Definition: Transformer component that processes input sequence bidirectionally to create contextualized representations.

Components:

  • Self-attention
  • Feed-forward network
  • Layer normalization
  • Residual connections

Use Cases:

  • BERT-style models
  • Encoder-decoder architectures
  • Classification tasks

[Chapter 6] → Transformer, Decoder, Self-Attention


F

Feed-Forward Network (FFN)

Definition: Multi-layer perceptron applied position-wise in transformer blocks.

Architecture:

FFN(x) = max(0, xW₁ + b₁)W₂ + b₂

Typical Dimensions:

  • Input/output: d_model
  • Hidden: 4 * d_model (standard)
  • TRM: 2 * d_model (more efficient)

Purpose:

  • Add non-linearity
  • Increase model capacity
  • Process each position independently

[Chapter 6] → Transformer, MLP, Activation Function


Fine-Tuning

Definition: Adapting a pre-trained model to a specific task by continuing training on task-specific data.

Types:

  • Full fine-tuning: Update all parameters
  • Parameter-efficient: Update small subset (LoRA, adapters)
  • Prompt tuning: Only update soft prompts

For TRMs: Essential for domain adaptation while maintaining efficiency.
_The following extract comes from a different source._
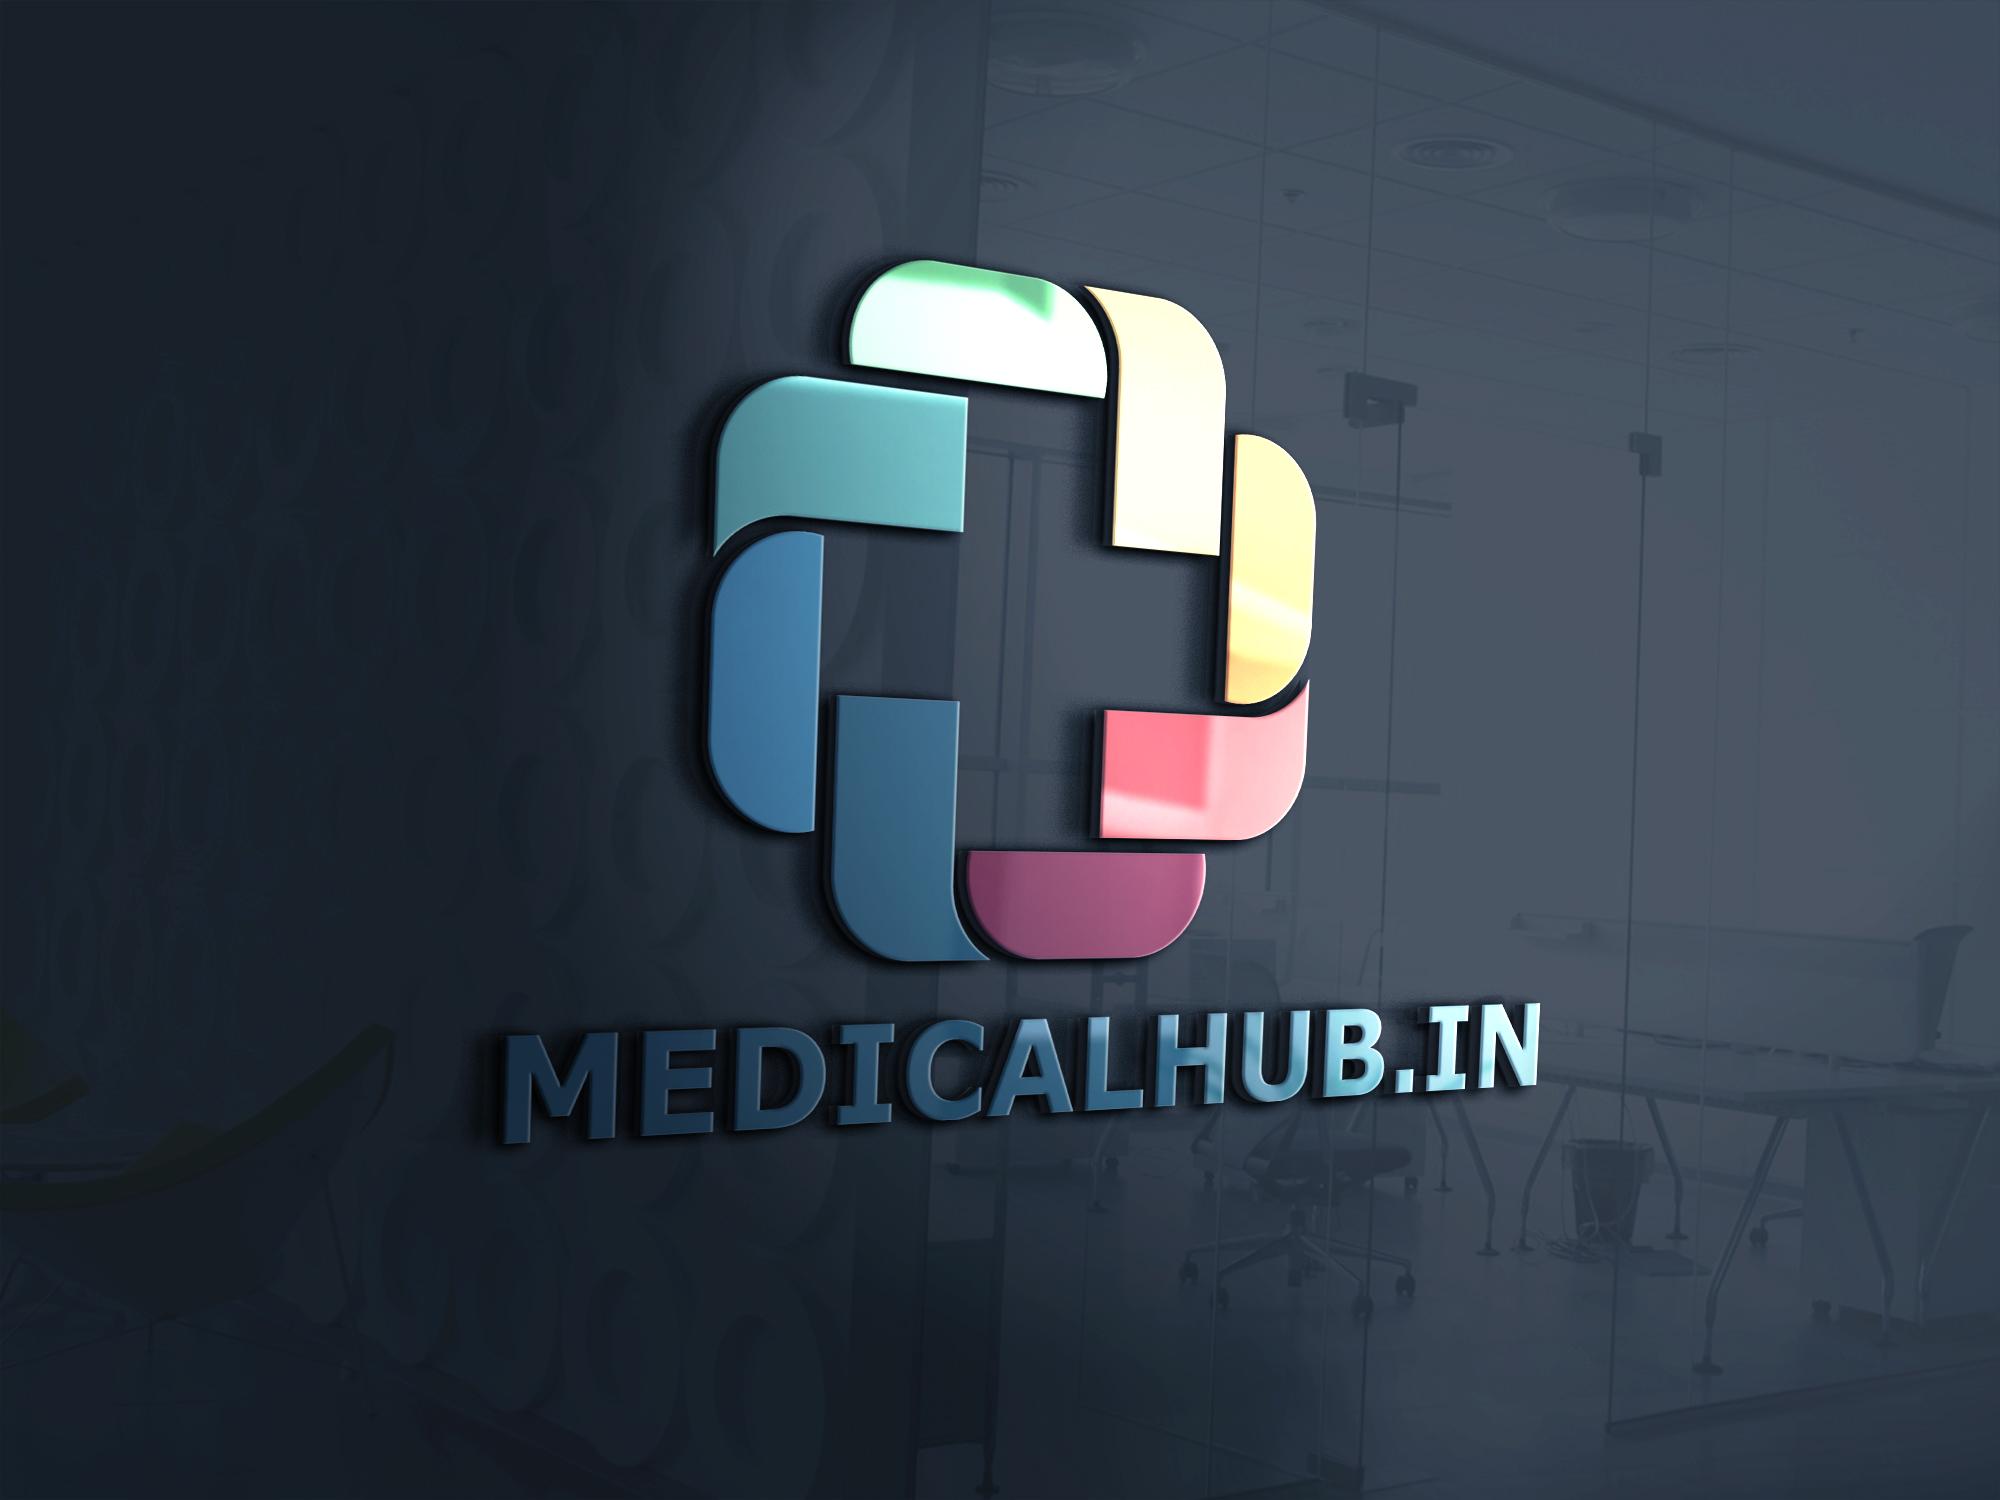 Medicine hub logo design by Badri design

[Chapter 16] → Transfer Learning, LoRA, Adapters


G

Gradient

Definition: Vector of partial derivatives indicating direction and magnitude of steepest increase in loss.

Formula:

∇L = [∂L/∂θ₁, ∂L/∂θ₂, ..., ∂L/∂θₙ]

Uses:

  • Parameter updates: θ_new = θ_old - α * ∇L
  • Indicates how to reduce loss

Challenges:

  • Vanishing gradients: Become too small
  • Exploding gradients: Become too large

[Chapter 2] → Backpropagation, Optimizer, Training


Gradient Clipping

Definition: Technique to prevent exploding gradients by capping gradient magnitude.

Methods:

  • By value: Clip each gradient component
  • By norm: Scale entire gradient vector

Formula (by norm):

if ||g|| > threshold:
    g = g * (threshold / ||g||)

Essential for: Training small models, RNNs, transformers.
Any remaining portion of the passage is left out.